The hospital has not identified a single patient who ever received an insulin injection from another patient’s insulin pen. Hospital officials also emphasized there is no documentation at this time of the transmission of any blood borne infections during the stay of any patient who received insulin from the pens during this period.
Nonetheless, hospital officials recommend, as a precautionary measure, that those individuals who received insulin from an insulin pen at Olean General Hospital during the time period be tested for hepatitis B, hepatitis C, and HIV. The letter to patients also recommends they be retested for HIV three months after their last insulin pen injection at Olean General Hospital and for hepatitis B and hepatitis C six months after their last insulin pen injection at the hospital.
Olean General Hospital, a member of Upper Allegheny Health System, is mailing letters today to 1,915 patients hospitalized at Olean General since November 2009 who received insulin pen injections while at the hospital.
The hospital, which has 186 beds and approximately 280 nurses, has established a call center – 716-375-7590 or 1-888-980-1220 – staffed from 7 a.m. to 8 p.m. seven days a week. Patients receiving letters are asked to call to coordinate an appointment for testing or to speak with a nurse at the call center if they have questions of any kind. There will be no charge for any screenings, testing, or counseling provided by Olean General Hospital.
Reusable insulin pens have never been used at Bradford Regional Medical Center, also a member of Upper Allegheny Health System and have been removed from use at Olean General Hospital.
“Recent news stories brought to light problems with the inappropriate re-use of insulin pens at the Veterans Administration Hospital in Buffalo,” said Upper Allegheny Health System President and CEO Timothy J. Finan. “This situation prompted Olean General Hospital to initiate its own review and audit of the use of insulin pens at the hospital. Interviews with nursing staff indicated that the practice of using one patient’s insulin pen for other patients may have occurred on some patients.”
“These pens are used in hospitals across America, and I want to emphasize that we have been unable to identify any specific patients where this occurred and we have no indication of any infections as a result of their use at Olean General Hospital,” he said. “Additionally, the issue here does not involve reuse of insulin pen needles. We are certain that insulin pen needles were not reused because Olean General Hospital has always used special safety needles that cannot be used for more than a single injection. The insulin pen is designed so that it cannot deliver a second dose of insulin with the same needle.”
“We are most apologetic for the inconvenience and concern this matter may cause to our patients,” Finan said.
“The hospital proactively brought these potential concerns to the attention of the New York State Department of Health, and is working with the department as we conduct our review,” Finan said.
“I want to emphasize that we have been unable to identify a single hospitalized patient who ever received an insulin injection from an insulin pen that had been used on another patient,” Finan said. “Regardless, to the extent there may be a chance, however remote, that any patient was provided insulin from an insulin pen other than their own, Olean General Hospital has decided to be proactive and aggressive with respect to notification of our patients. We are very aware that while the risk of infection from insulin pen re-use is extremely small, cross contamination from an insulin pen is possible.”

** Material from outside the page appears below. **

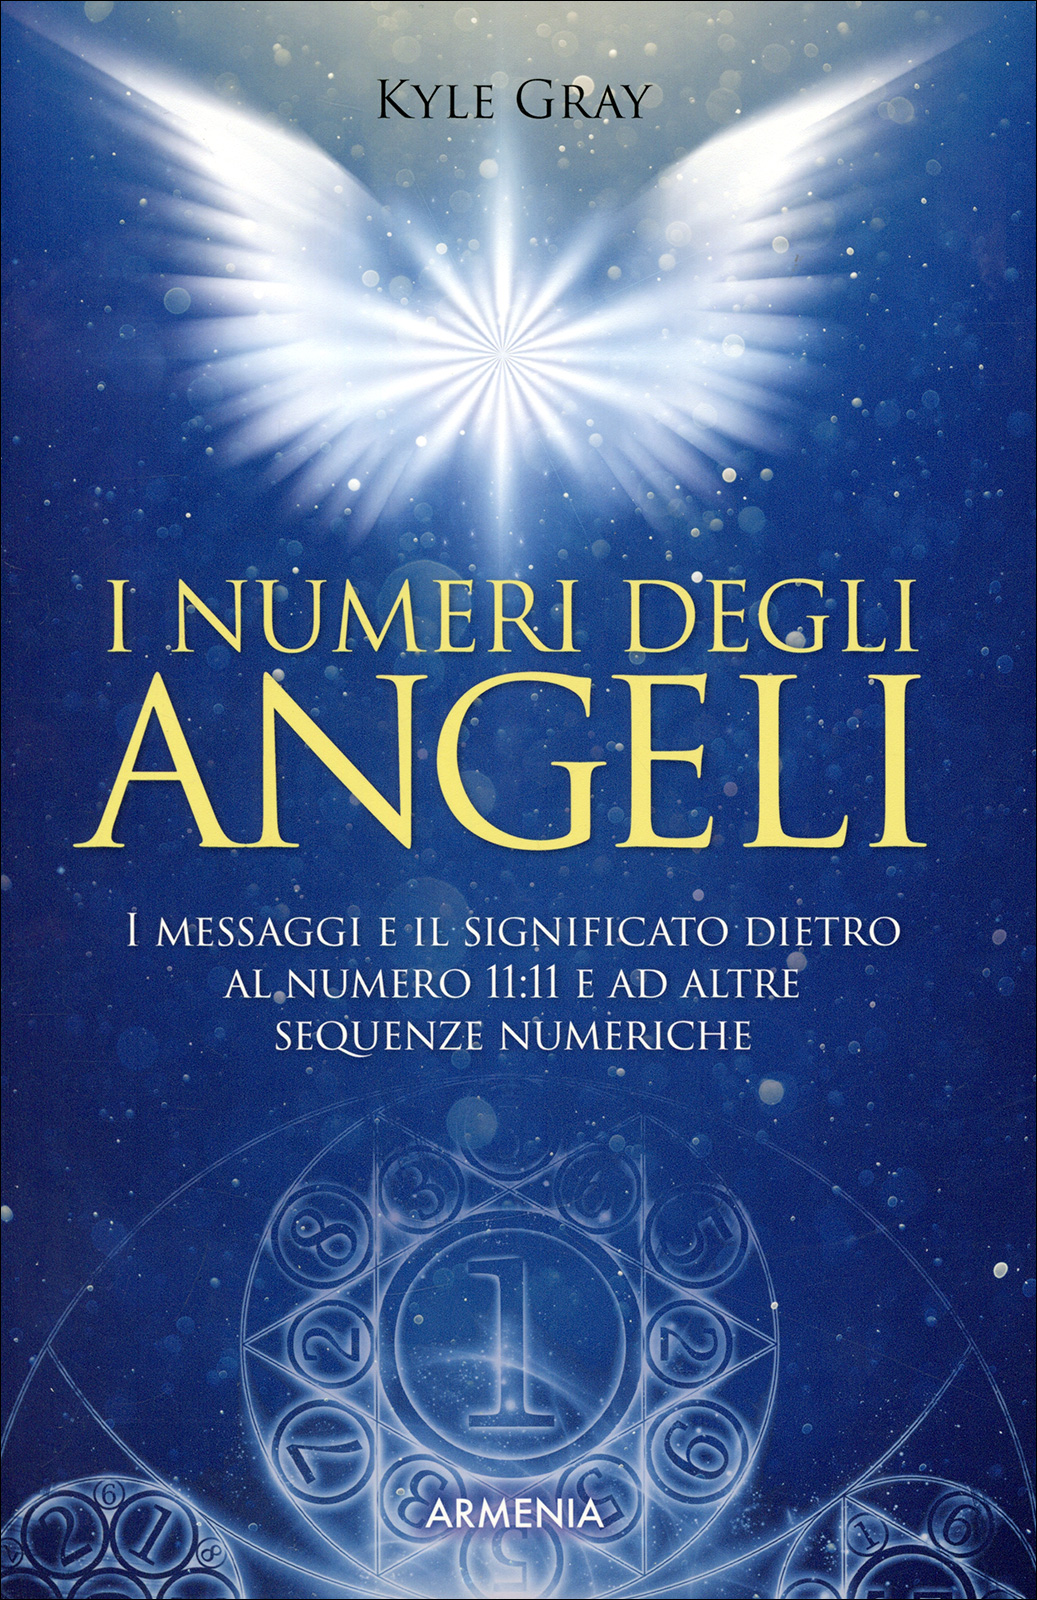 Podwójne liczby: anielskie znaczenie i numerologia

Insulin pens are devices that contain a reservoir of insulin or an insulin cartridge. They are intended for single person use only, but are designed to provide a patient with multiple insulin injections. The needle on the insulin pen is removable, allowing reuse of the chamber after the insertion of a new sterile needle for each use.
Reports in the media said single insulin pens at the Buffalo Veterans Administration Medical Center were used on multiple patients instead of a single patient. Insulin pens are used at thousands of hospitals across America and also by diabetics at home.
The concern is that a pen’s insulin’s cartridge can potentially become contaminated with biologic material from one patient after an insulin injection. If reused on another patient, it can theoretically transmit infection, even after installation of a new sterile needle, to that patient. The risk of potential infections is considered extremely low, as insulin pens use a small needle with small volume exposure, not involving visible blood and not entering a vessel. Nevertheless, there may be a very small risk that some patients could have been potentially exposed to certain blood borne infections such as hepatitis B virus, (HBV), hepatitis C virus (HCV) and human immunodeficiency virus (HIV).